If you are going to play around with this in your environments make sure it is your test box first. The backup/restore solution from the whitepaper is:
Backing up Procedure
Create backups of these items:
- The /etc/passwd file
- The /etc/shadow file
- The contents of /home directory
- The contents of /root directory
- The contents of the /etc/vmware directory, excluding:
- Any soft links
- /etc/vmware/patchdb
- /etc/vmware/ssl
Restoring Procedure
To restore configuration:
- Reinstall ESX to the same patch level as the failed one.
- Get the information on the currently configured core dump partition and copy and paste the output into a text editor:esxcfg-dumppart –l
- Get the information on the currently configured cos core file and copy and paste the output into a text editor:cat /etc/vmware/esx.conf |grep CosCorefile
- Restore /etc/vmware from a previous backup.
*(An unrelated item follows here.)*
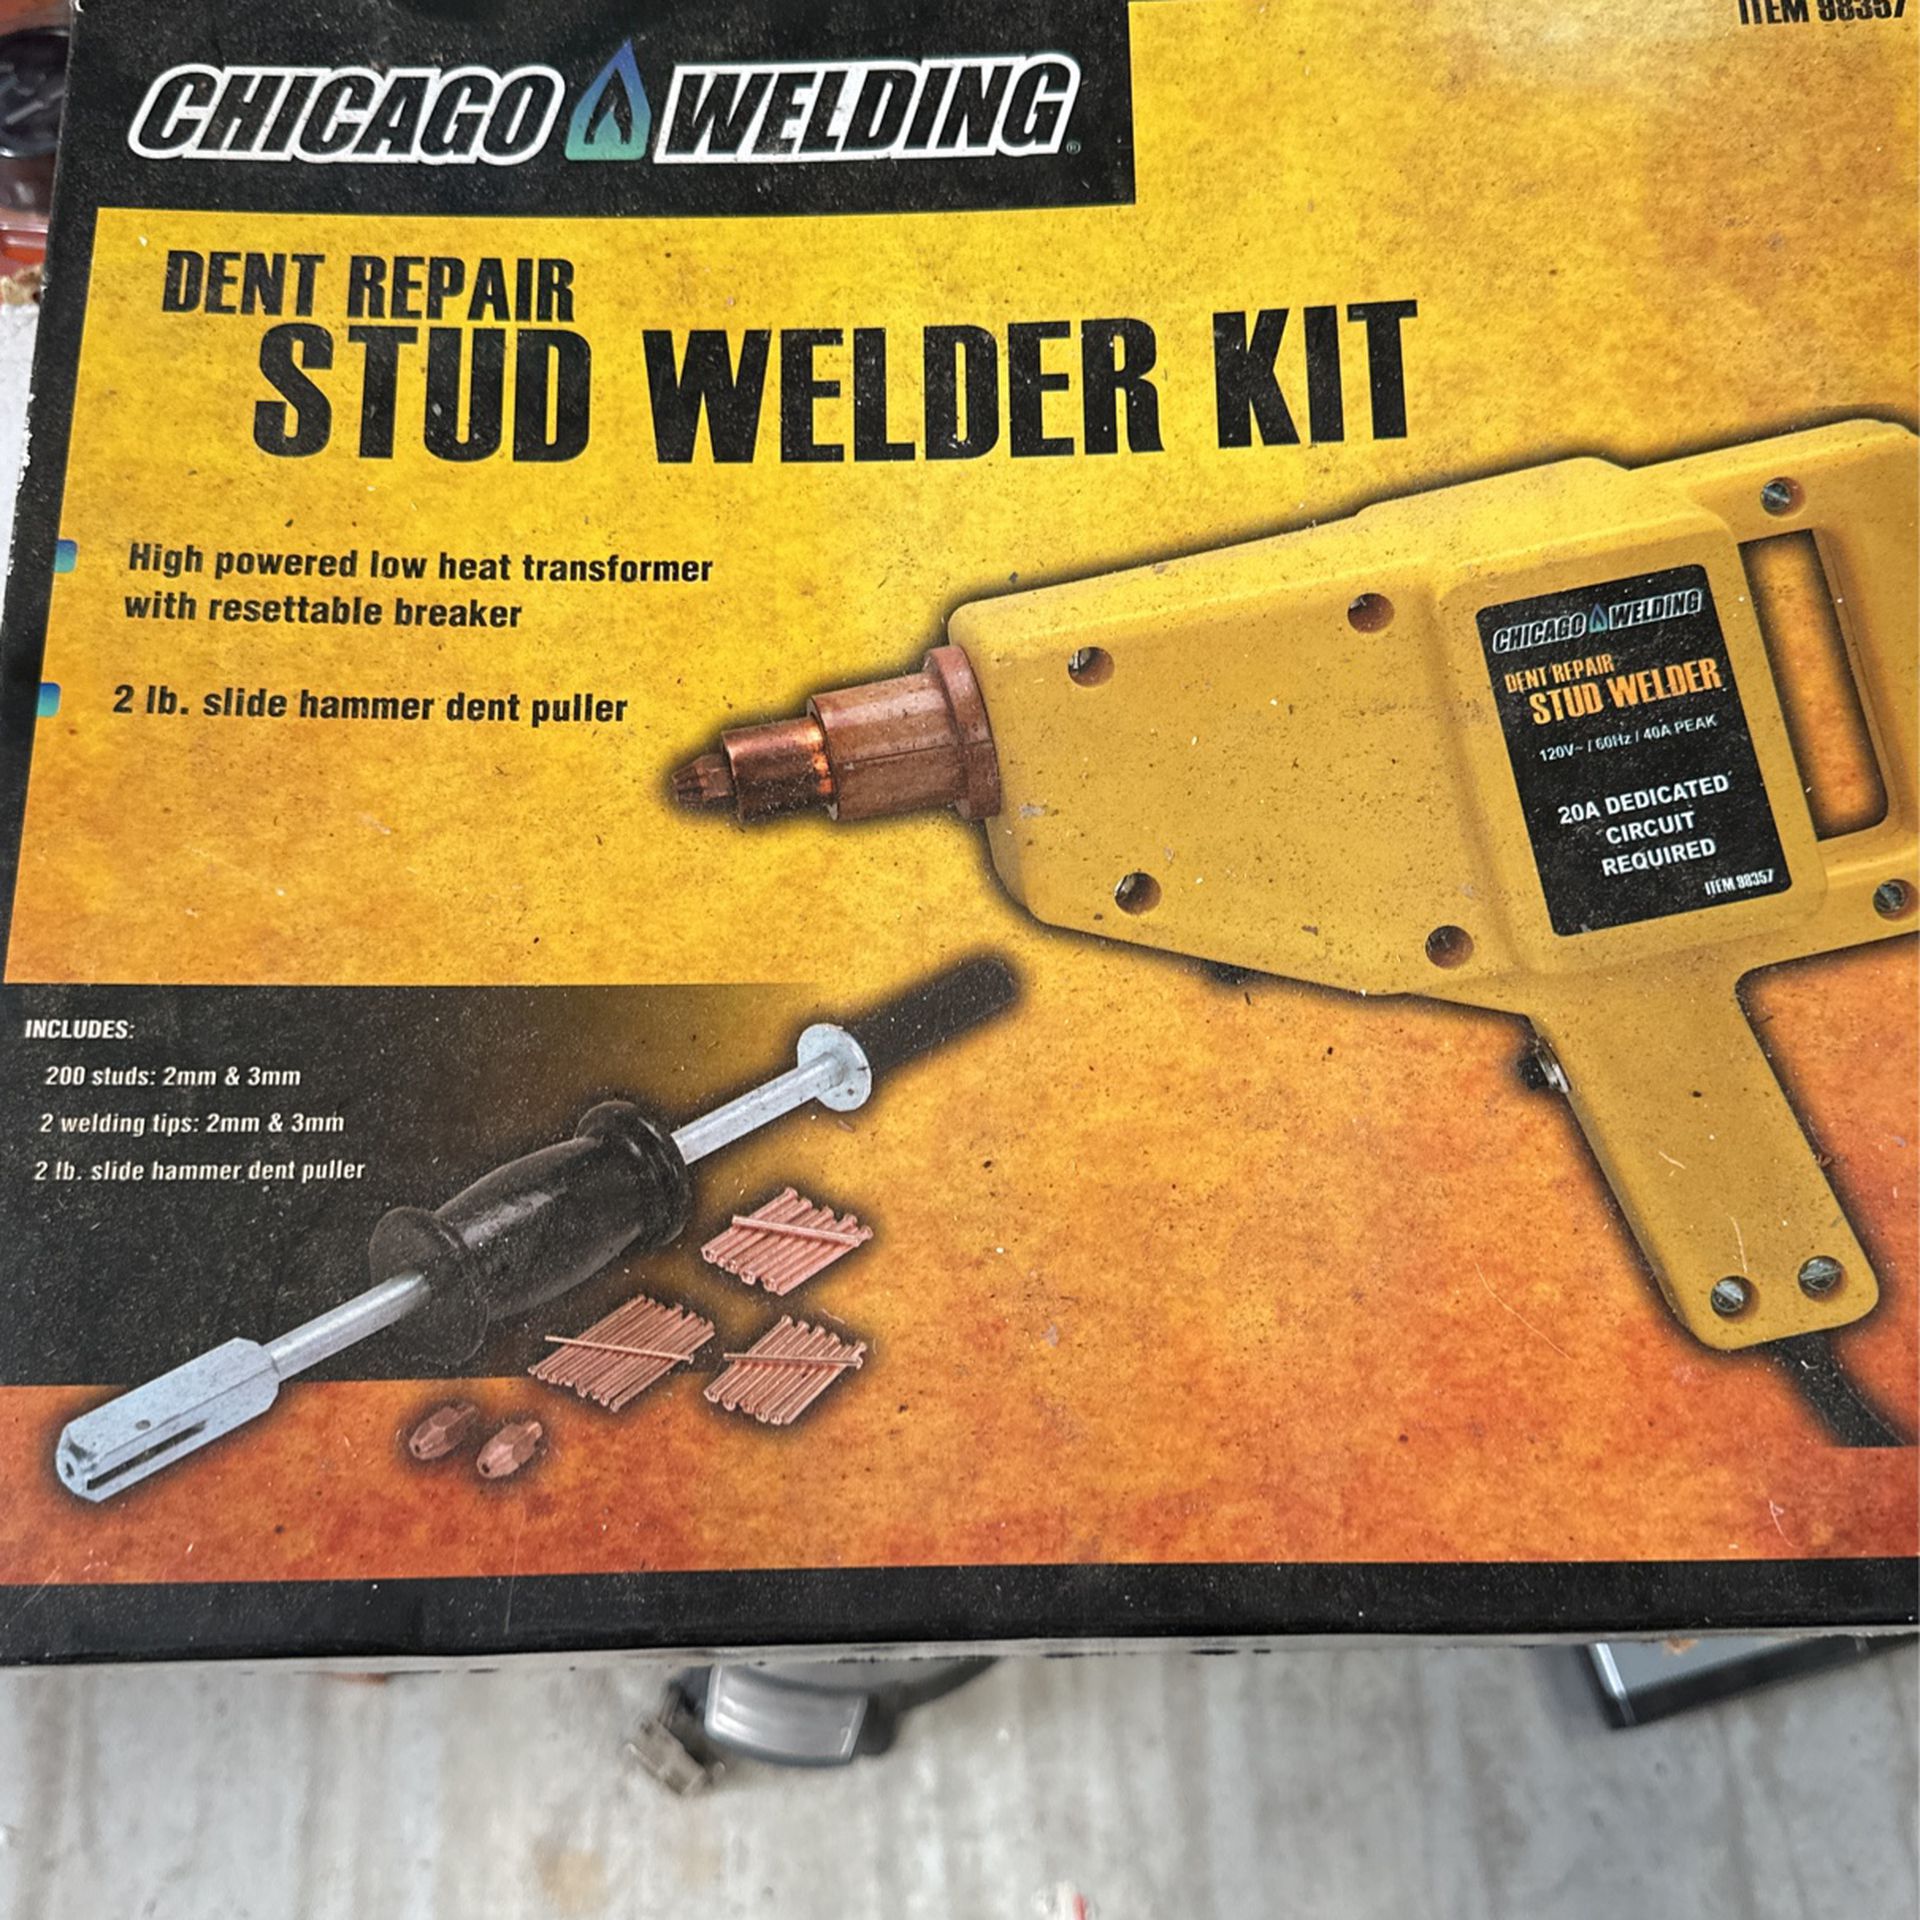 Stud welding Kit

- Update the new configuration file with core dump partition information:esxcfg-dumppart –s vmhbaX:X:X:XWhere vmhbaX:X:X:X is the dump partition name noted from step 2.
- Edit /etc/vmware/esx.conf and update the CosCorefile information to match the path copied in step 3.
- Get the new UUID for the root partition:cat /boot/grub/menu.lst |grep UUIDThis generates at least 3 lines with root=UUID=xxxxxxxxxx-xxxx-xxxx-xxxx-xxxxxxxx where x is a hexadecimal number.
- Update the configuration with new root device UUID by executing following command esxcfg-boot –d “UUID=xxxxxxxxxx-xxxx-xxxx-xxxx-xxxxxxxx”
- Reboot the ESX host. The ESX host reboots with the old profile.
This is looks interesting but I still wonder what you really gain from this? Will this really save you that much time and what about the warning before you begin? It is good to have options available to help in those moments of crisis but I still feel the host is an appliance that should be able to be rebuilt at will. That is how I present and control my environments, but what about you?